BRAVO v. SECRETARY DEPARTMENT OF CORRECTIONS
This text of BRAVO v. SECRETARY DEPARTMENT OF CORRECTIONS (BRAVO v. SECRETARY DEPARTMENT OF CORRECTIONS) is published on Counsel Stack Legal Research, covering District Court, N.D. Florida primary law. Counsel Stack provides free access to over 12 million legal documents including statutes, case law, regulations, and constitutions.
Opinion
IN THE UNITED STATES DISTRICT COURT FOR THE NORTHERN DISTRICT OF FLORIDA GAINESVILLE DIVISION
PEDRO ANDRES BRAVO,
Petitioner,
v. Case No. 1:22-cv-69-AW-MJF
SECRETARY, DEP’T OF CORRECTIONS,
Respondent.
_______________________________/ ORDER ADOPTING REPORT AND RECOMMENDATION The State moved to dismiss Pedro Andres Bravo’s § 2254 petition as untimely. As both sides agree, the issue is whether the clock started 30 days or 90 days after the First DCA’s decision affirming Bravo’s convictions on direct appeal. And that issue turns on whether Bravo could have sought Florida Supreme Court review of that decision. In a thorough report and recommendation, the magistrate judge concluded I should grant the motion to dismiss. ECF No. 15. Bravo has filed objections, which I have considered de novo.1 I agree with the magistrate judge, and I now adopt the report and recommendation in full.

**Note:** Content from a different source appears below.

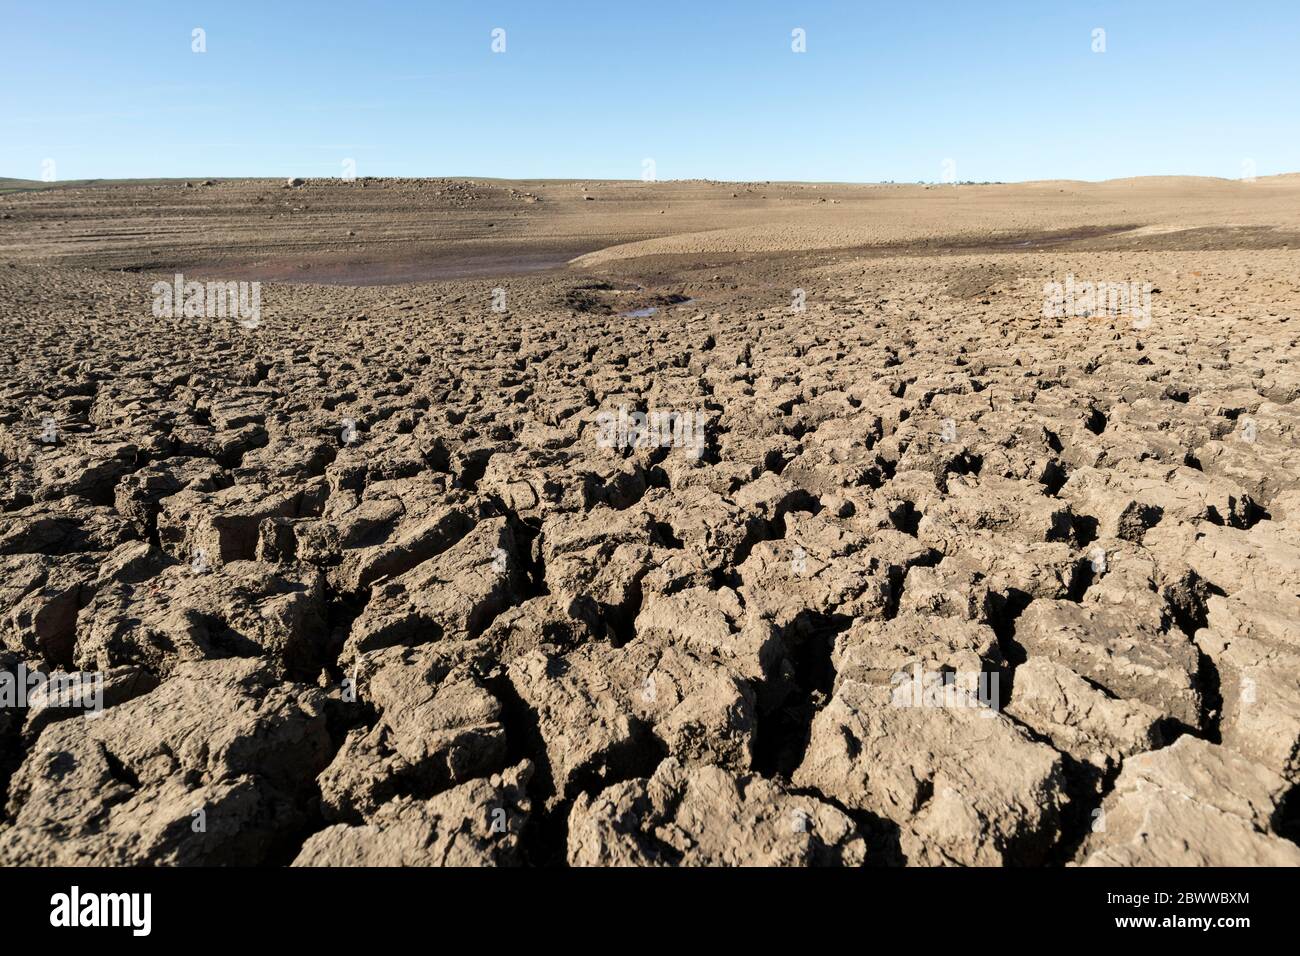 Low Water Levels at Selset Reservoir after the driest May on record, coupled with repair work downstream left the Ground Parched and Cracked, Lunedale Stock Photo

1 Other than adding a section addressing the COA issue, the objections were mostly a copy-and-paste from Bravo’s response to the motion to dismiss. Compare ECF No. 14 with ECF No. 20. In short, Bravo could have sought Florida Supreme Court review of the DCA’s decision because that decision was neither an affirmance without opinion nor
an unelaborated opinion. The opinion was not particularly long, but it set out the facts, and it addressed issues of law. It did enough to give the Florida Supreme Court jurisdiction to review. See The Fla. Star v. B.J.F., 530 So. 2d 286, 288 (Fla. 1988)

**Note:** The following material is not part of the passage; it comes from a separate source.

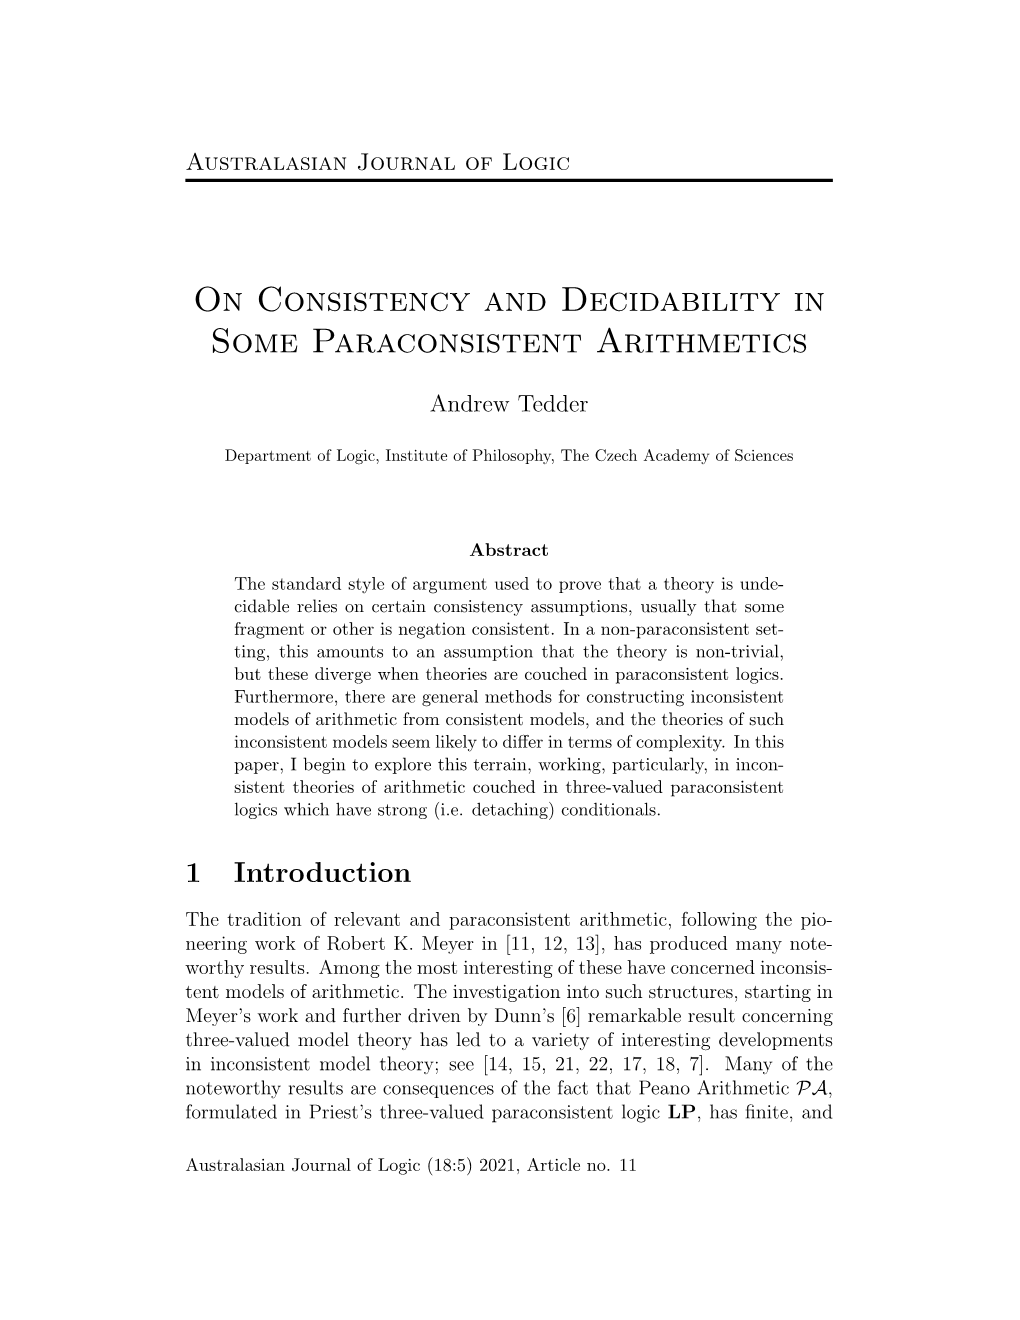 On Consistency and Decidability in Some Paraconsistent Arithmetics

(“[The Florida Supreme] Court in the broadest sense has subject-matter jurisdiction under article V, section 3(b)(3) of the Florida Constitution, over any decision of a district court that expressly addresses a question of law within the four corners of the opinion itself. That is, the opinion must contain a statement or citation effectively
establishing a point of law upon which the decision rests. . . . [I]t is not necessary that conflict actually exist for [the Florida Supreme] Court to possess subject-matter jurisdiction, only that there be some statement or citation in the opinion that
hypothetically could create conflict if there were another opinion reaching a contrary result.” (note omitted)). The issue is not, as Bravo suggests, whether the Florida Supreme Court likely would have accepted discretionary review; the issue is whether there was an
opportunity for further review. And because there was, the § 2254 clock began at the end of the 30-day period to seek Florida Supreme Court review. As the magistrate judge explains, this decision is consistent with many other
district court decisions addressing the same issue. The issue is uncomplicated, and I would reach the same conclusion with or without this consistent body of cases. But I also find these other decisions—particularly Dailey v. Crews—persuasive. In
Dailey, like here: The First DCA’s affirmance was not unelaborated; it was accompanied by a discussion of the facts in the case such that it could be said that the district court “expressly addresse[d] a question of law within the four corners of the opinion itself.” The appellate court’s having done so, the Florida Supreme Court could have considered whether the decision “expressly and directly conflict[ed] with a decision of another district court of appeal or of the supreme court on the same question of law,” thus invoking the court’s discretionary jurisdiction. However, Petitioner did not attempt to invoke the Florida Supreme Court’s discretionary jurisdiction. Therefore, his conviction became final, for purposes of § 2244(d)(1)(A), . . . upon expiration of the 30-day period for seeking review in the Florida Supreme Court. Dailey v. Crews, 3:13CV148-WS/EMT, 2014 WL 2158428, at *4 (N.D. Fla. May 23, 2014) (citations omitted) (some alterations in original). Bravo protests “that the Florida Supreme Court does not want defendants filing jurisdictional briefs in every case where there is a written opinion.” ECF No. 14 at 13 n.5; ECF No. 20 at 15 n.6. This may be so, but it is legally irrelevant. Bravo could have sought Florida Supreme Court review, and he did not. His petition is untimely. Finally, I agree with the magistrate judge that Bravo has not met the standard for issuance of a certificate of appealability. It is now ORDERED: 1. The Report and Recommendation (ECF No. 15) is adopted in full and
incorporated into this order. 2. Bravo’s objections (ECF No. 20) are overruled. 3. The motion to dismiss (ECF No. 7) is GRANTED.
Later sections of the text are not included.